→ The data
┏━━
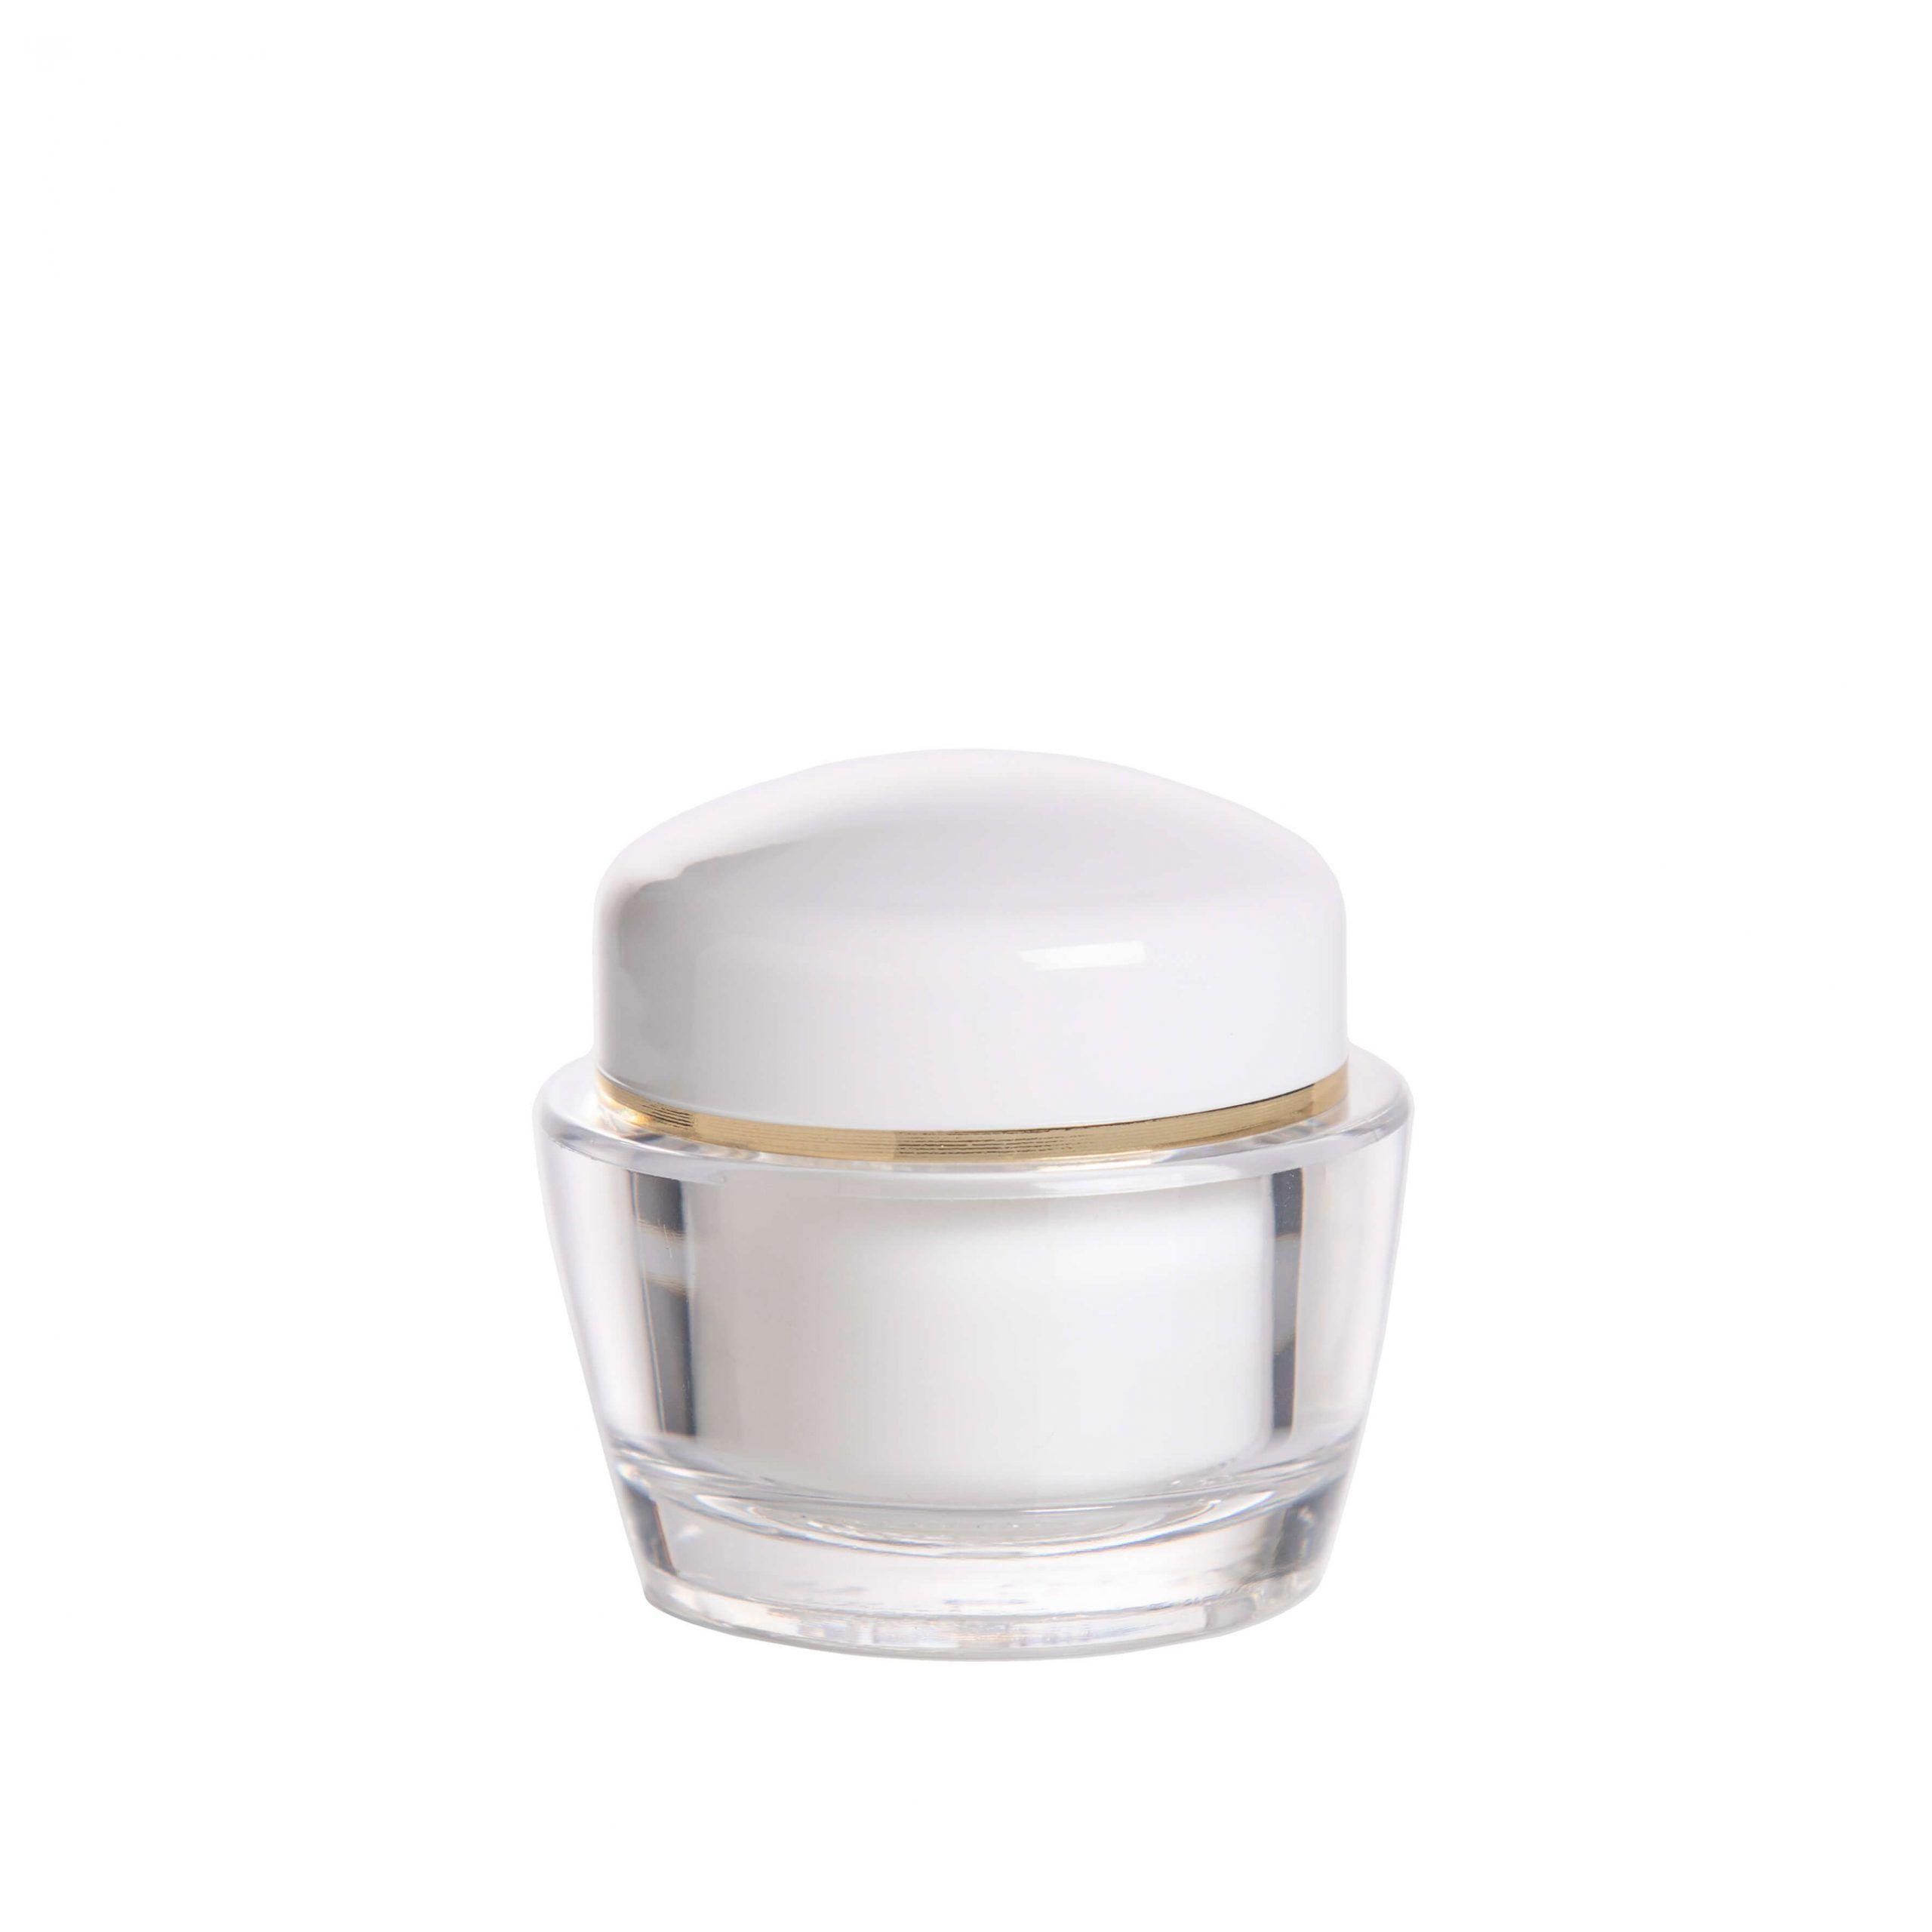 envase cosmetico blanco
┗━━
┏━━
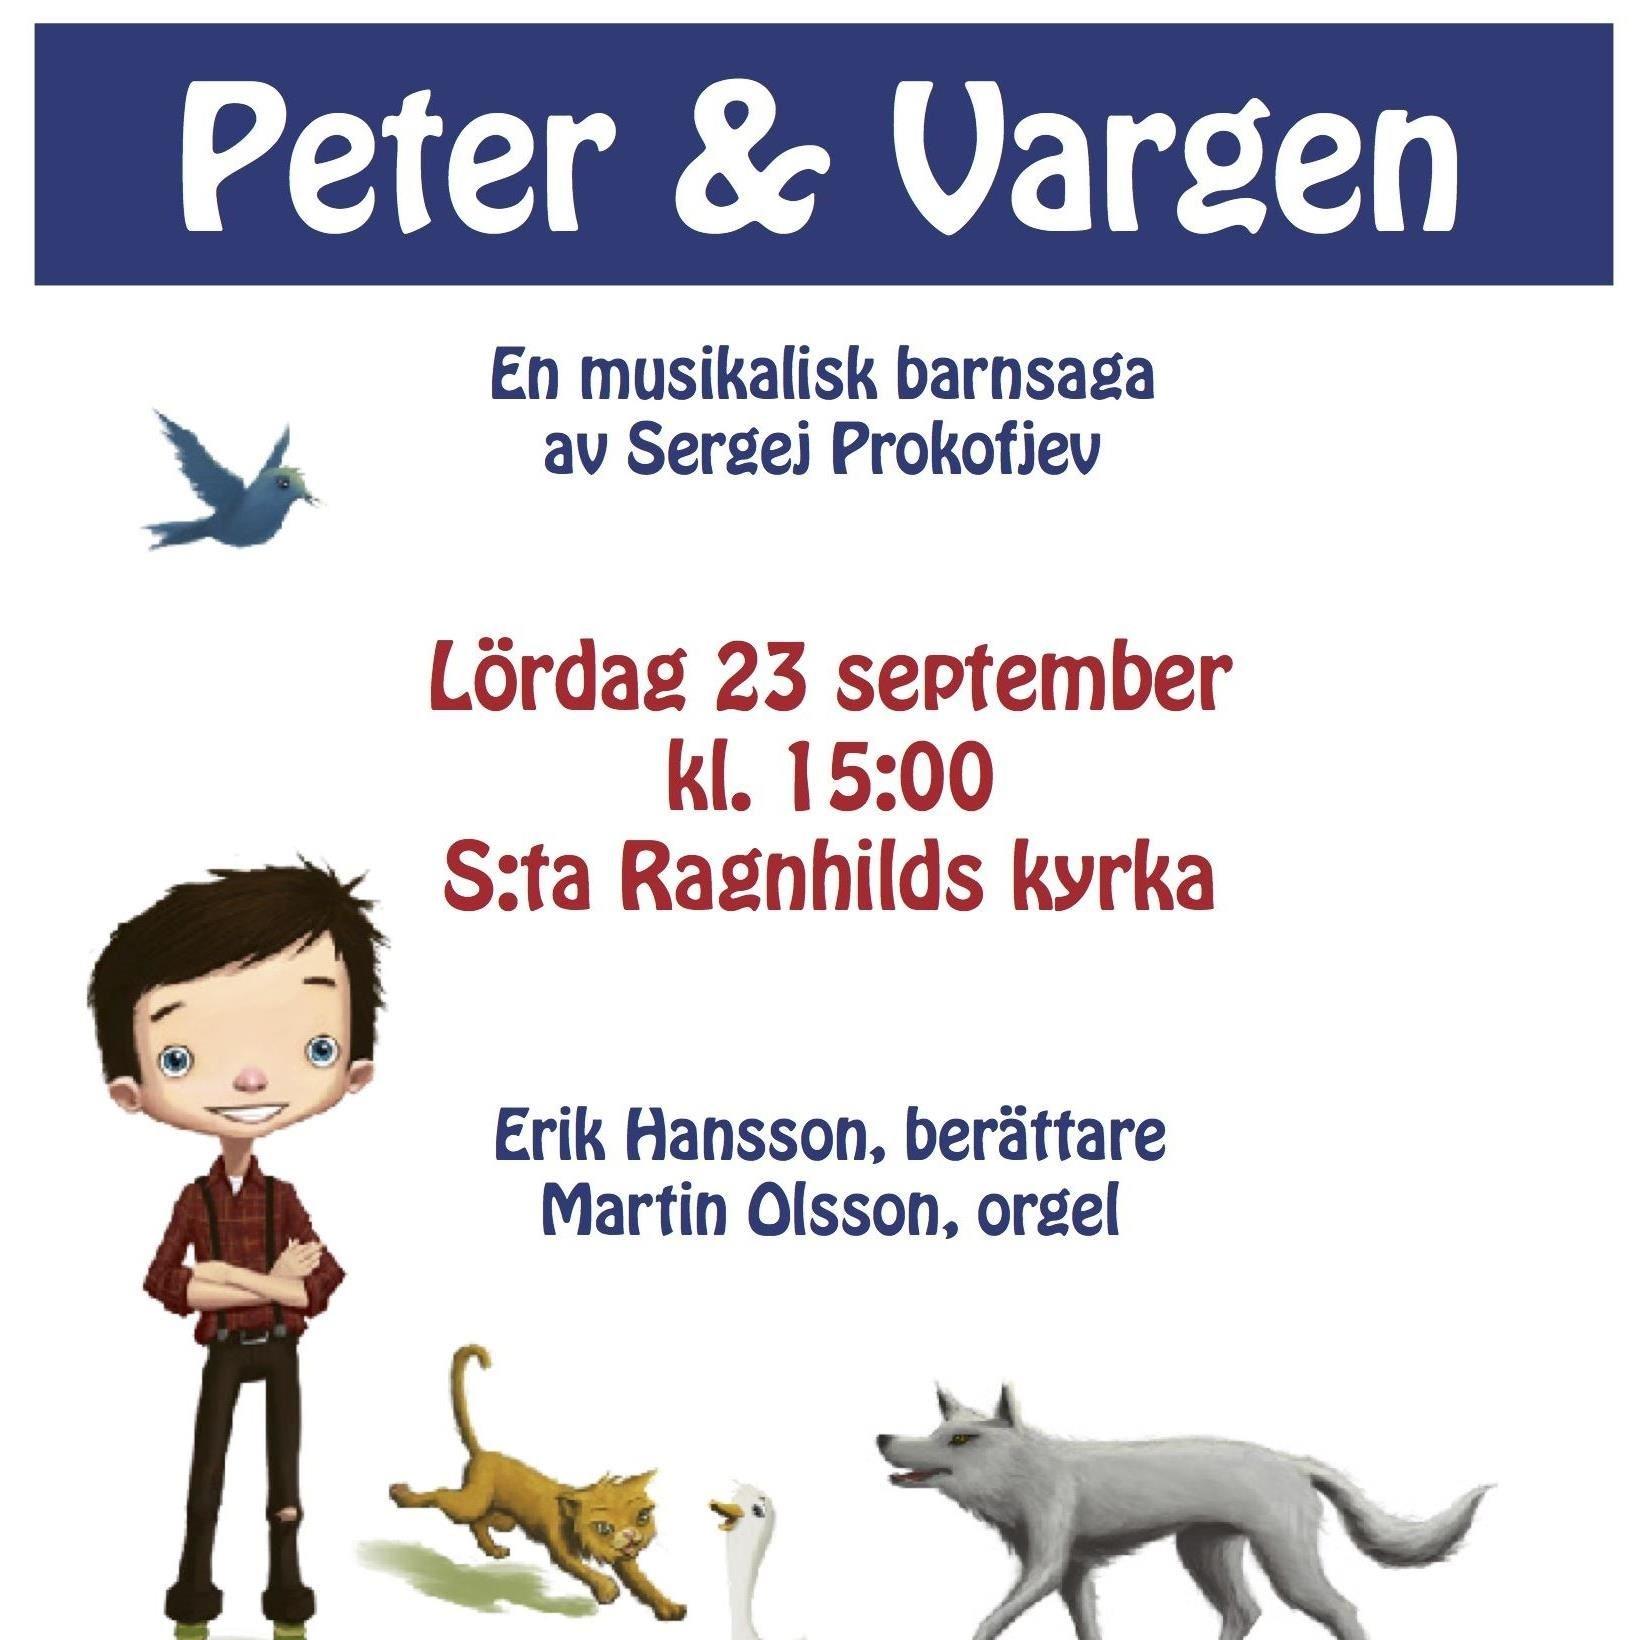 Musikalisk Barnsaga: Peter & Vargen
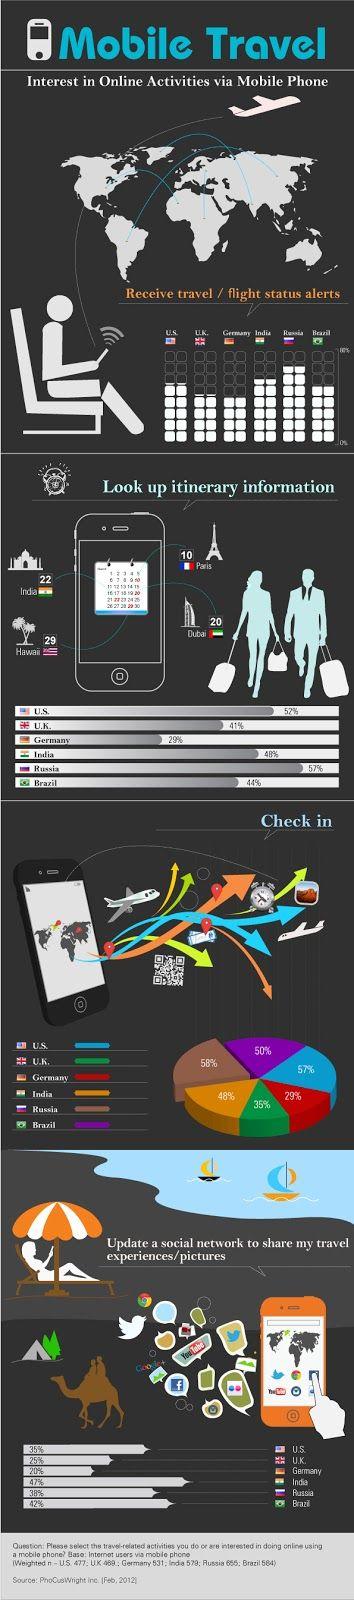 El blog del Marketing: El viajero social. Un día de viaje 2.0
┗━━
→ Work order
Given the listing above, retype only the span of lines from the line with "Musikalisk Barnsaga: Peter & Vargen" up to and including the line with "El blog del", exactly as it stands and without pictures.

→ Response to this exercise
 Musikalisk Barnsaga: Peter & Vargen
 El blog del Marketing: El viajero social. Un día de viaje 2.0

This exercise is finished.